Commercialising innovation
Entrepreneurship is a huge part of an MBA. “Monash now has Commercialisation of Technology as a subject in our Global Executive MBA (GEMBA),” says Butler. “We undertake projects on behalf of companies who have genius boffins and add tremendous value by developing business models and go-to-market strategies.” When GEMBA students take their core learnings to their final global business project, they choose from digital transformation, advanced manufacturing or life sciences. “Students undertake live projects for businesses – from global corporations to early-stage startups – off the back of studying design thinking, strategy, commercialisation and entrepreneurship.”
The University of Sydney Business School’s Ford says he’s seeing more executives doing MBAs hungry to get
access to discoveries in science, health and engineering that are happening inside universities. “I run workshops, for example, in nanoscience.

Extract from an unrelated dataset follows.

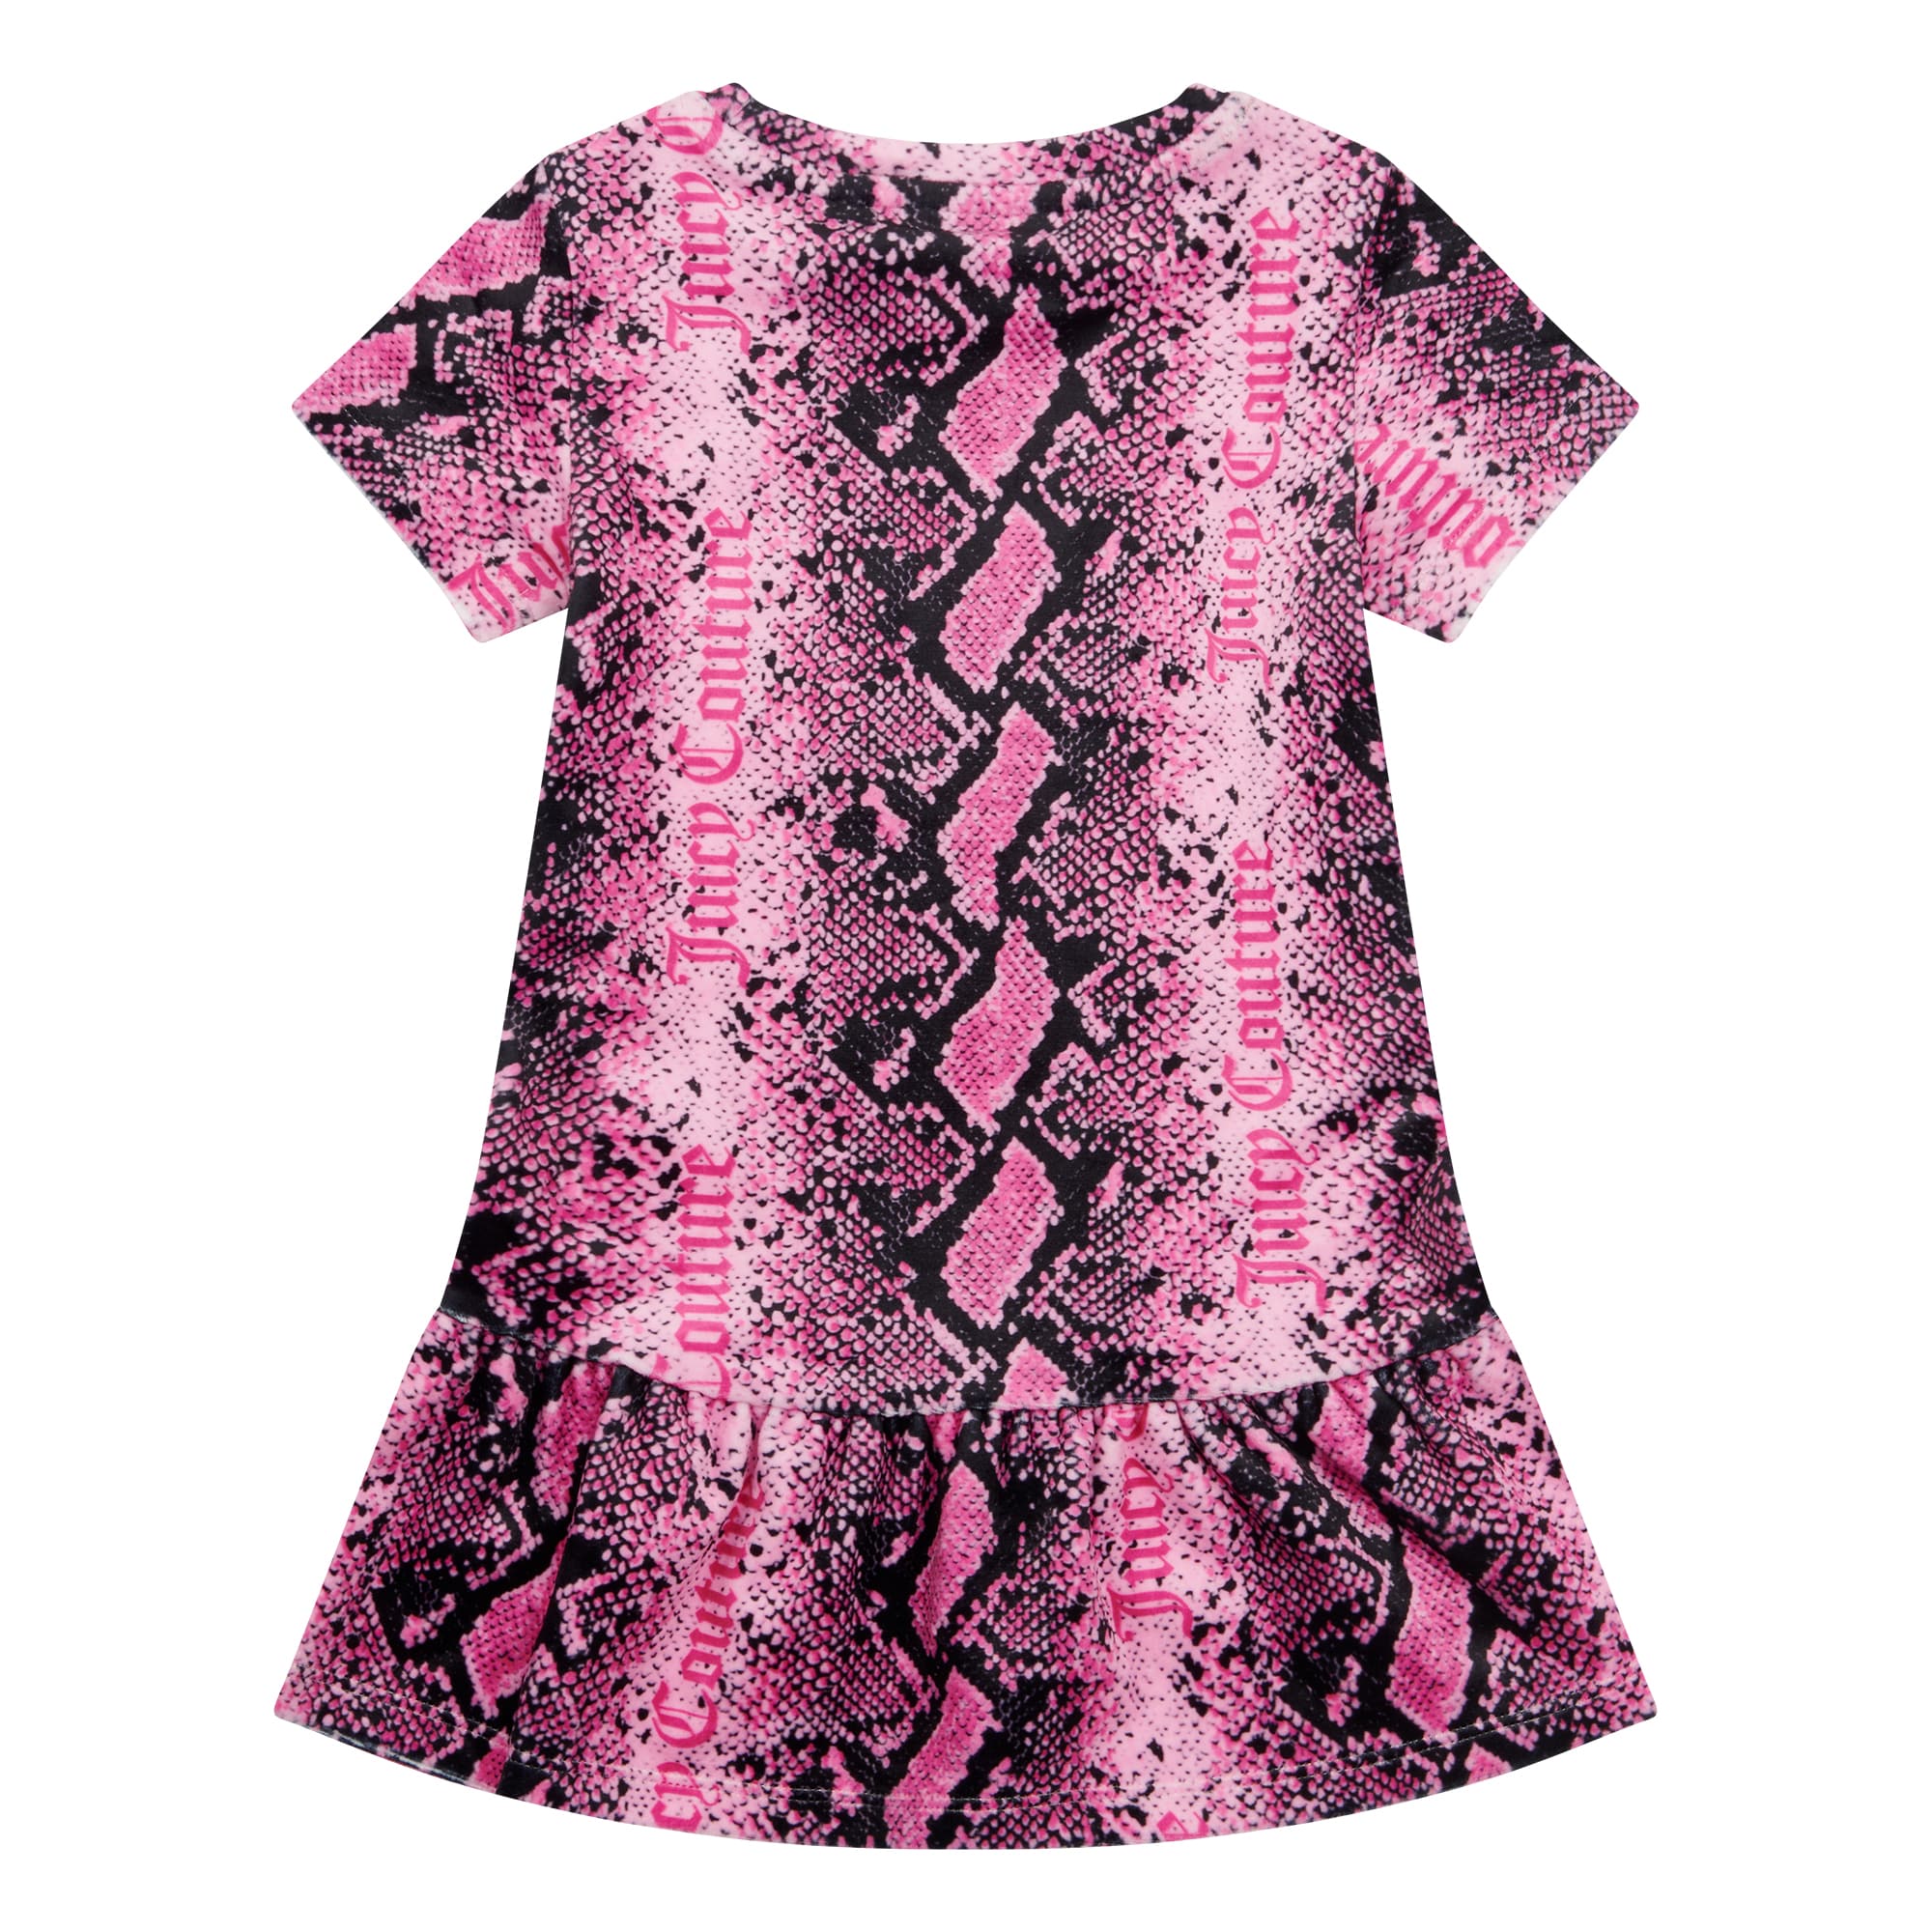 Juicy Couture snakeskin pink girls dress

We pair groups of MBAs with scientific or research teams and the MBAs jump at that.” He says MBA students go on to sit on advisory boards or even become investors and co-founders. He believes the pandemic escalated breaking down the silos between academia and industry. “There’s a perception that universities have walls around them. Business schools can facilitate bringing together researchers and scientists. When scientists and researchers are going for government medical research grants, half of it has to be a business plan and they don’t know how to do that and they don’t have the time. That’s where collaborations are forming with our MBA students.”